The White House still envisions Congress taking another crack at some version of President Biden’s $1.7 billion Build Back Better Act, and though many doubt the future of the social and climate plan, clients should still watch for possible tax changes.
“Wealthy clients should be contacting their advisors now about tax planning and whether they should be accelerating recognition of income and deferring deductions before any tax legislation is passed,” said James G. McGrory, CPA and shareholder at Drucker & Scaccetti in Philadelphia.
The biggest challenge facing wealthy taxpayers over BBB remains the complexity of the Internal Revenue Code, said Lisa Cappiello, director in the Personal Wealth Advisors Group at Eisner Amper in New York. “The Build Back Better Act had many wealthy taxpayers bracing for higher tax rates and, although various provisions were eliminated before being passed by the House [in November], the bill currently sitting with the Senate includes provisions that may apply to the 2021 tax year,” she said.
Mary Kay Foss, a CPA in Walnut Creek, Calif., and an active member of American Institute of CPAs, said, “As a group we’re very concerned about the retroactive nature of some of the BBB provisions.”
Other provisions—a qualified small business stock (QSBS) exclusion, as well as changes to the state and local tax (SALT) cap limitation and the excess business loss limitation rules—“may lead to additional hurdles for high-net-worth taxpayers,” Cappiello said.
Another provision was a new 5% surtax on trusts and estates with modified adjusted gross income (MAGI) greater than $200,000 and an additional 3% surtax on trusts and estates with MAGI exceeding $500,000, McGrory said. “Although it’s uncertain if any legislation that passes will be retroactive to Jan. 1, wealthy individuals owning trusts should consider accelerating income—for example, by selling highly appreciated securities—while the surtax doesn’t apply,” he said.

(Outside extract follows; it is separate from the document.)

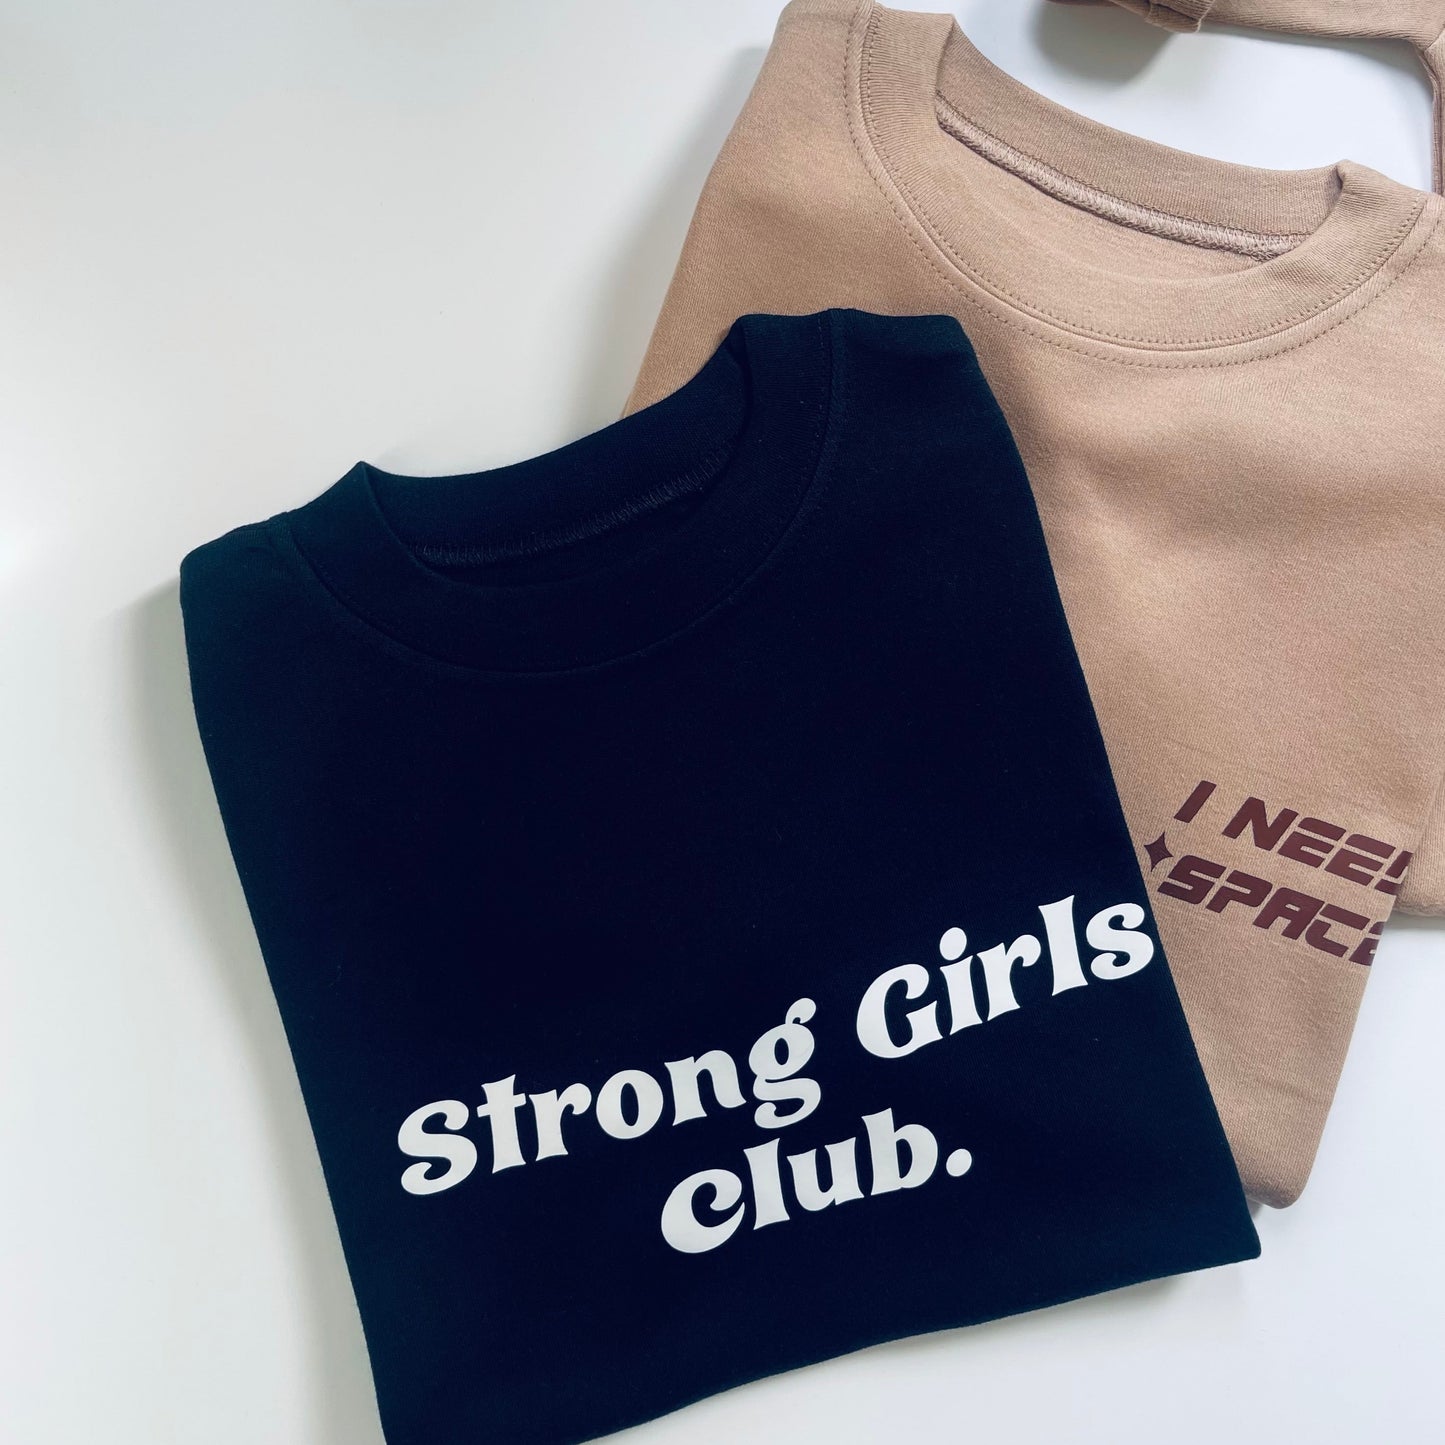 Strong girls club

Retirement plans also figured in the act, and “the BBB focus on the backdoor Roth seemed way out of proportion,” Foss said. “Congress was concerned with wealthy taxpayers stuffing their Roth IRAs with after-tax money, but the majority of users of the backdoor Roth were youngish people who made too much money to make a Roth contribution.
“The abuse wasn’t with the backdoor Roth,” Foss said. “It occurred in 401(k) plans that allowed unlimited after-tax contributions to the Roth 401(k) portion of the plan. Large contributions and fast-growing investments led to the big balances that made the news.
“Taking [Roth IRAs] away by BBB doesn’t make sense to me,” she added. “But until it happens, I recommend that taxpayers continue to maximize their use of Roth.”
Added McGrory, “Wealthy clients considering a backdoor Roth contribution should reach out to their advisors to discuss the likelihood of whether any tax law change here would be retroactive to the beginning of the year.”